Content starts

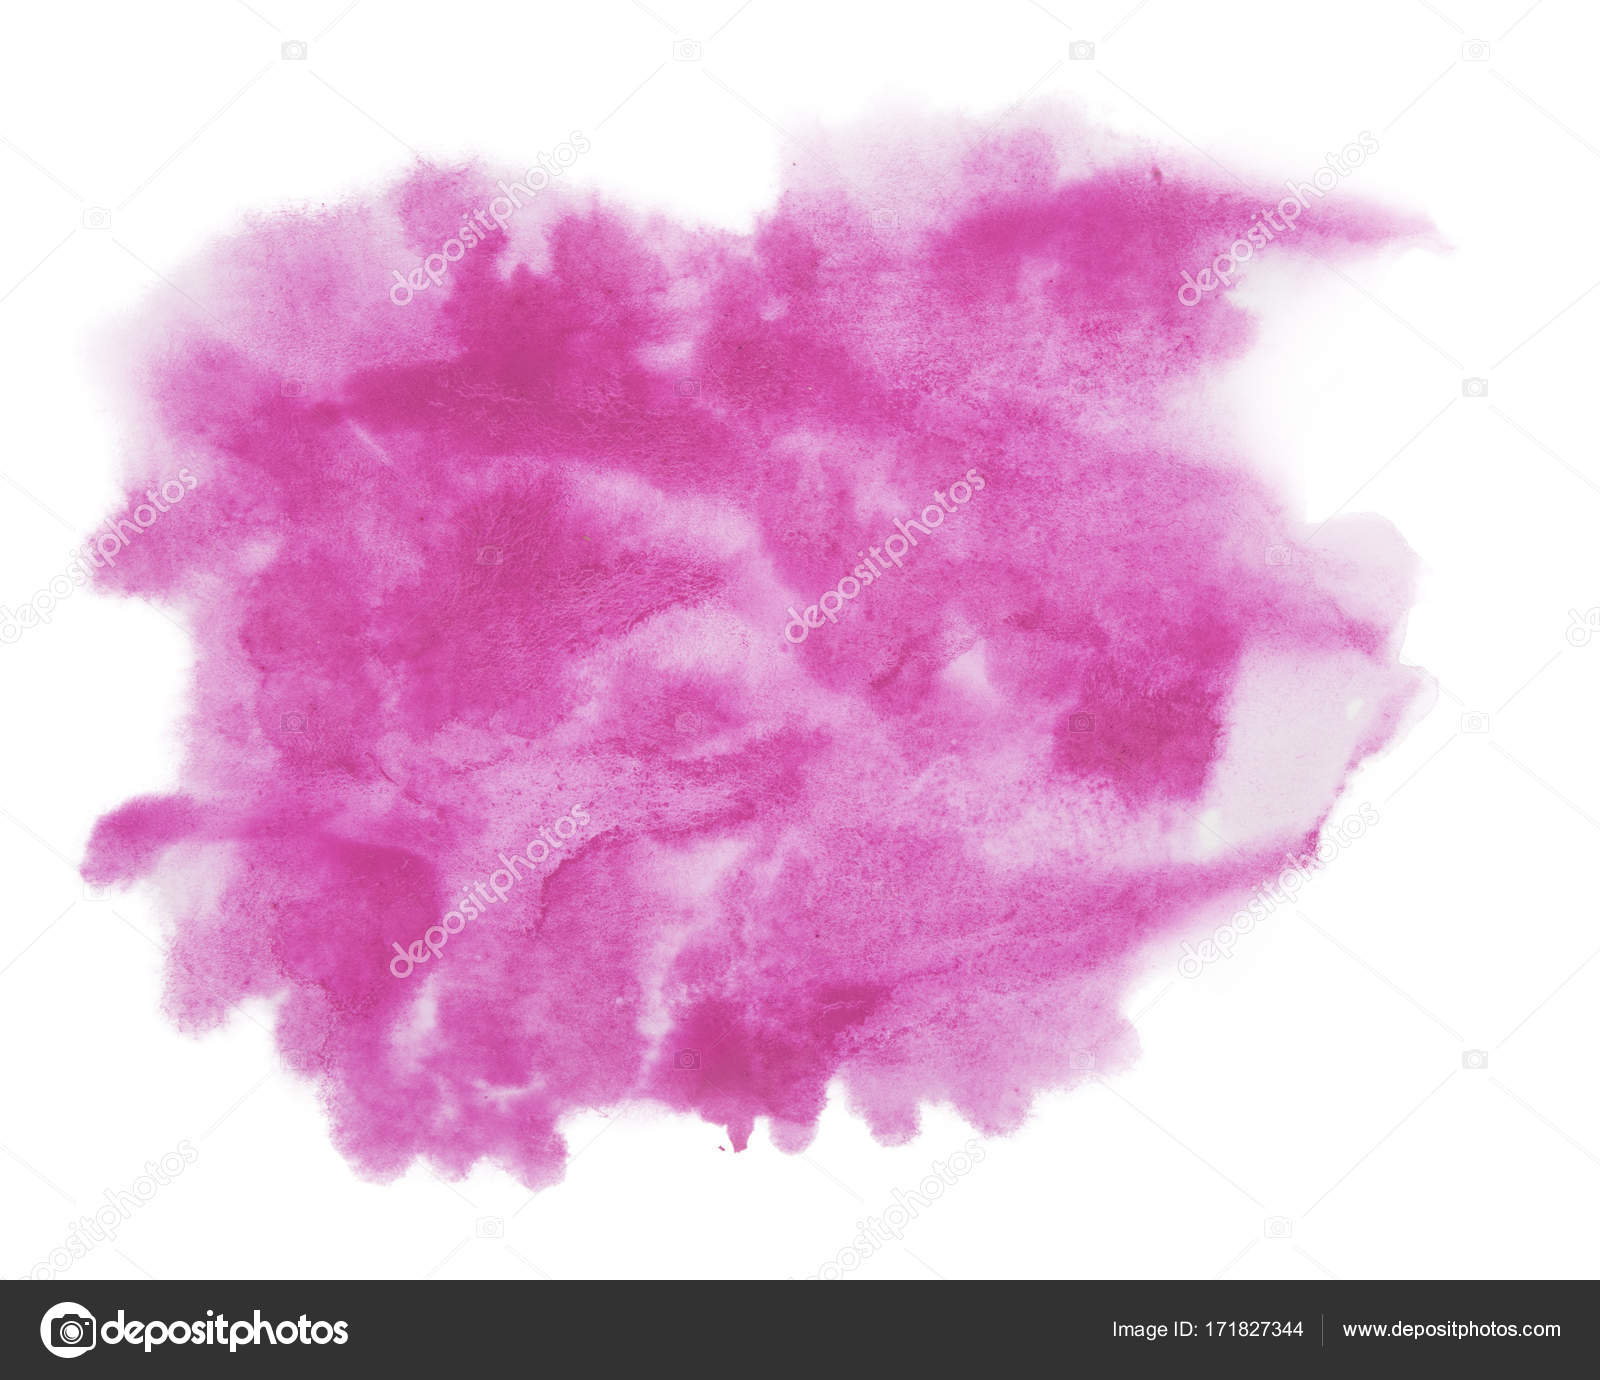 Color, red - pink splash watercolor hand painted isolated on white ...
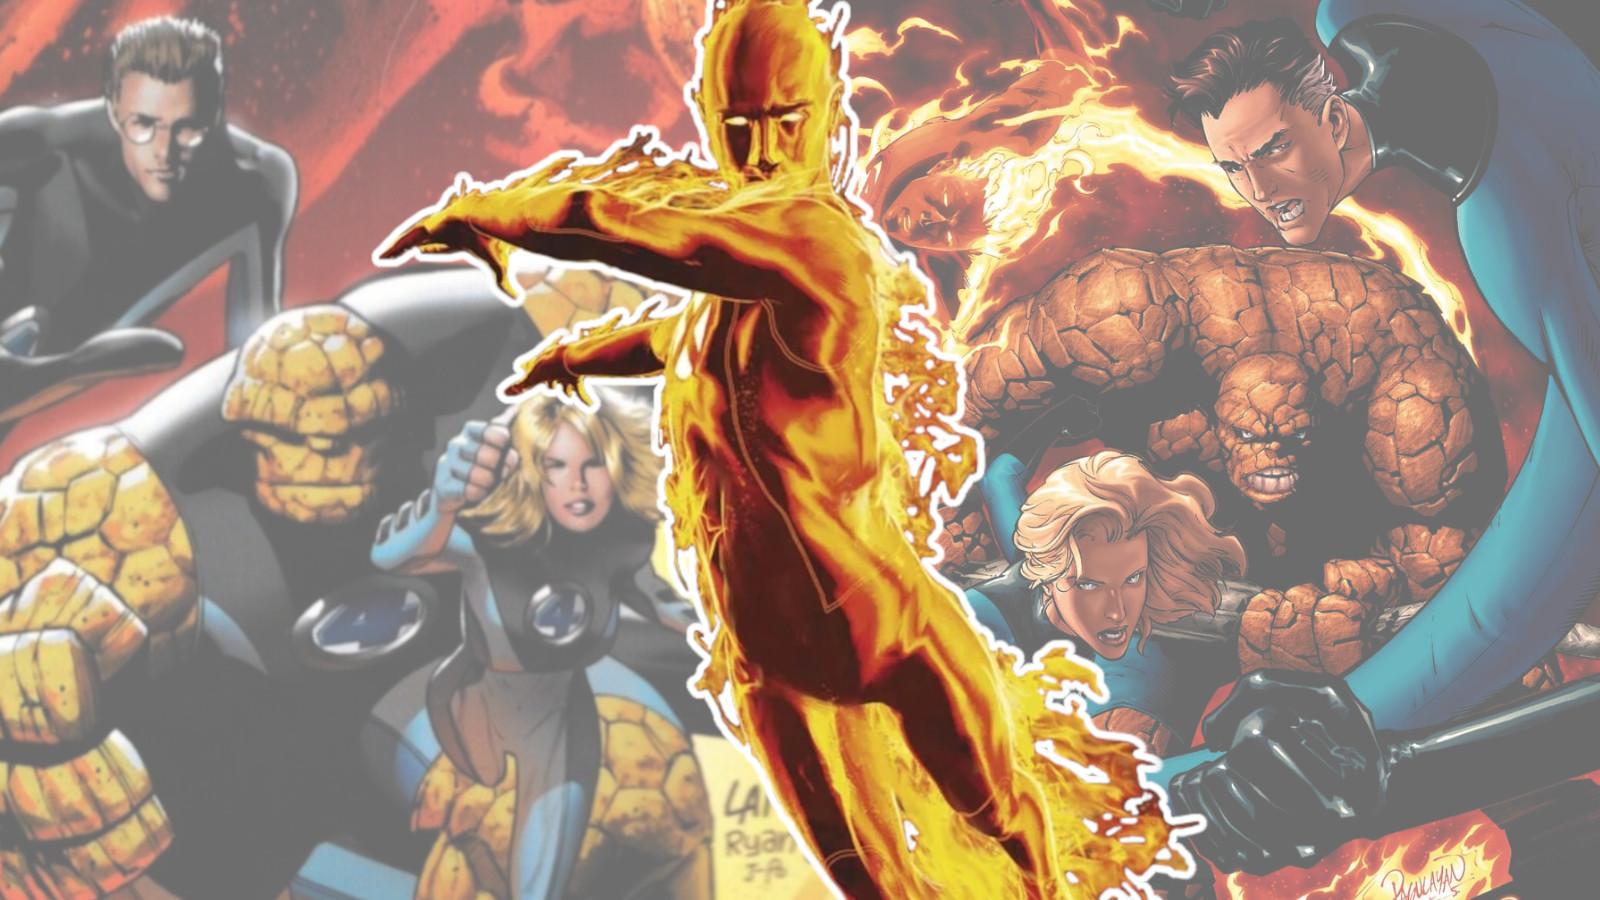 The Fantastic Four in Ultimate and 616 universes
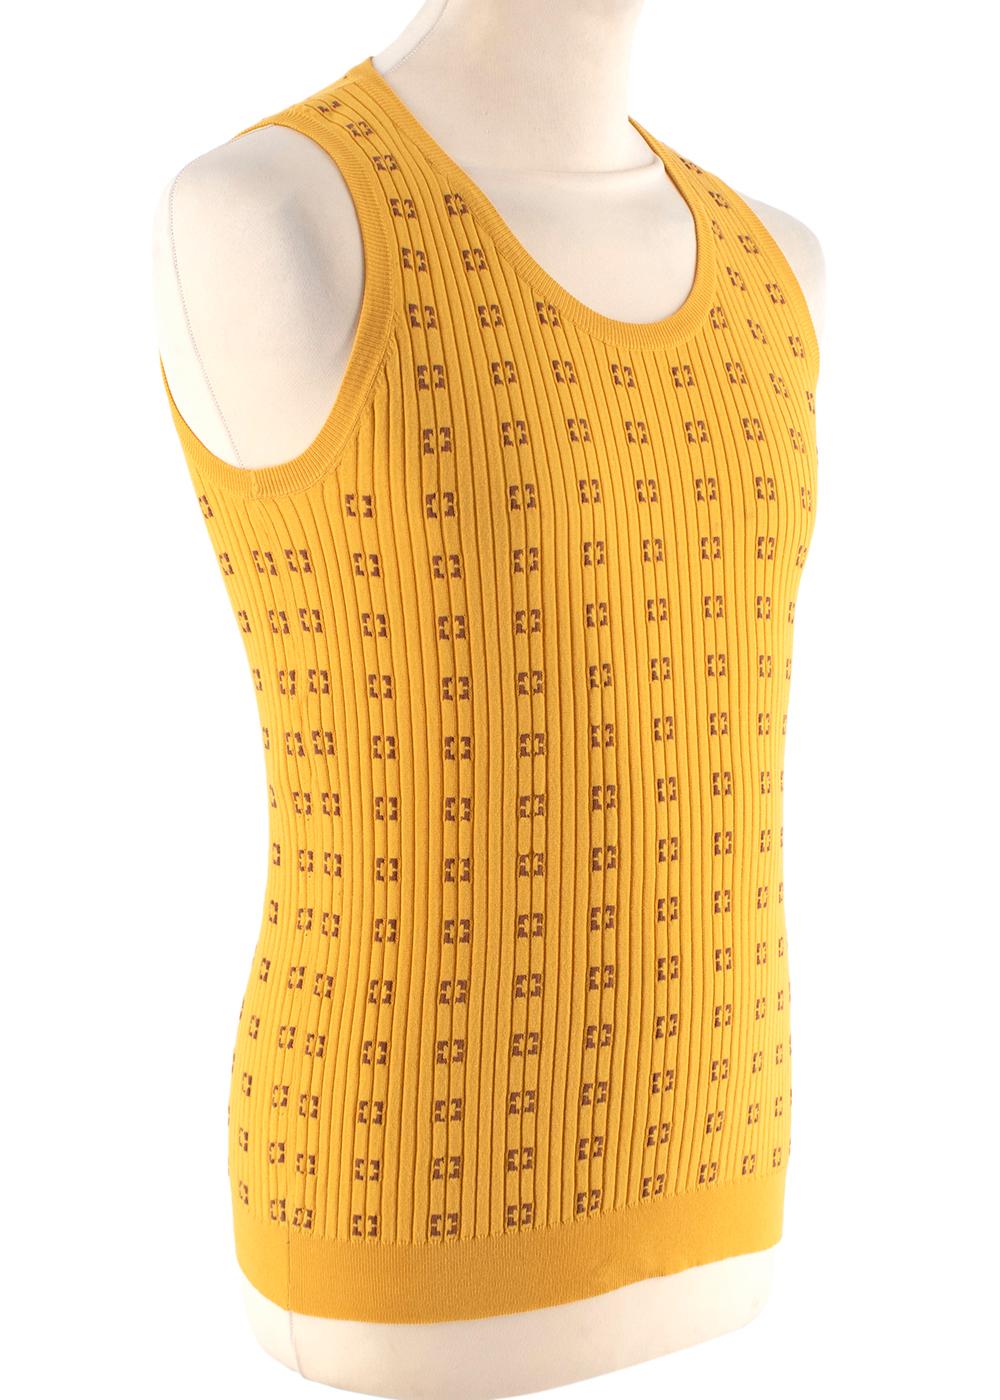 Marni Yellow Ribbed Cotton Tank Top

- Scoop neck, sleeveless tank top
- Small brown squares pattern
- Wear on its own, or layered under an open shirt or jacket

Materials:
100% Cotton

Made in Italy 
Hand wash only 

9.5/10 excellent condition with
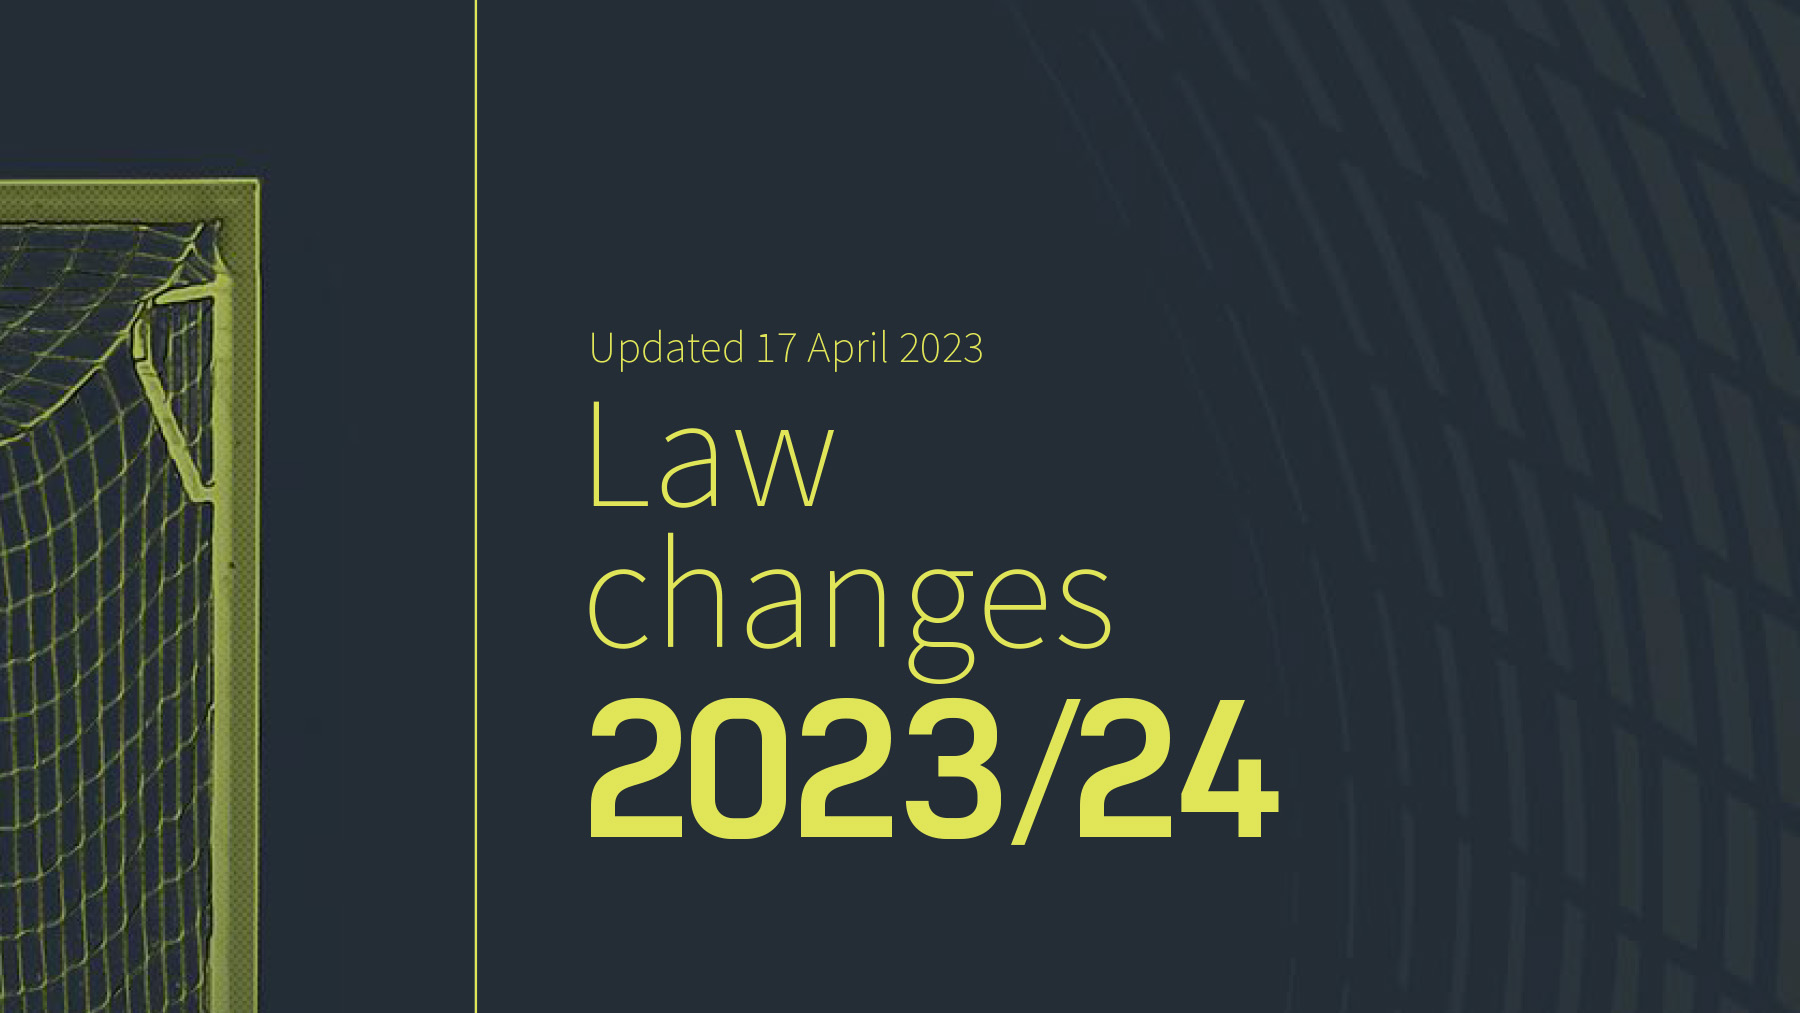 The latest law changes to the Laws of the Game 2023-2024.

Content ends

WORK INSTRUCTION:
With every picture omitted, write out the material exactly from its first line through the line containing "9.5/10 excellent condition with".

RESULT BELOW:
 Color, red - pink splash watercolor hand painted isolated on white ...
 The Fantastic Four in Ultimate and 616 universes
 Marni Yellow Ribbed Cotton Tank Top

- Scoop neck, sleeveless tank top
- Small brown squares pattern
- Wear on its own, or layered under an open shirt or jacket

Materials:
100% Cotton

Made in Italy 
Hand wash only 

9.5/10 excellent condition with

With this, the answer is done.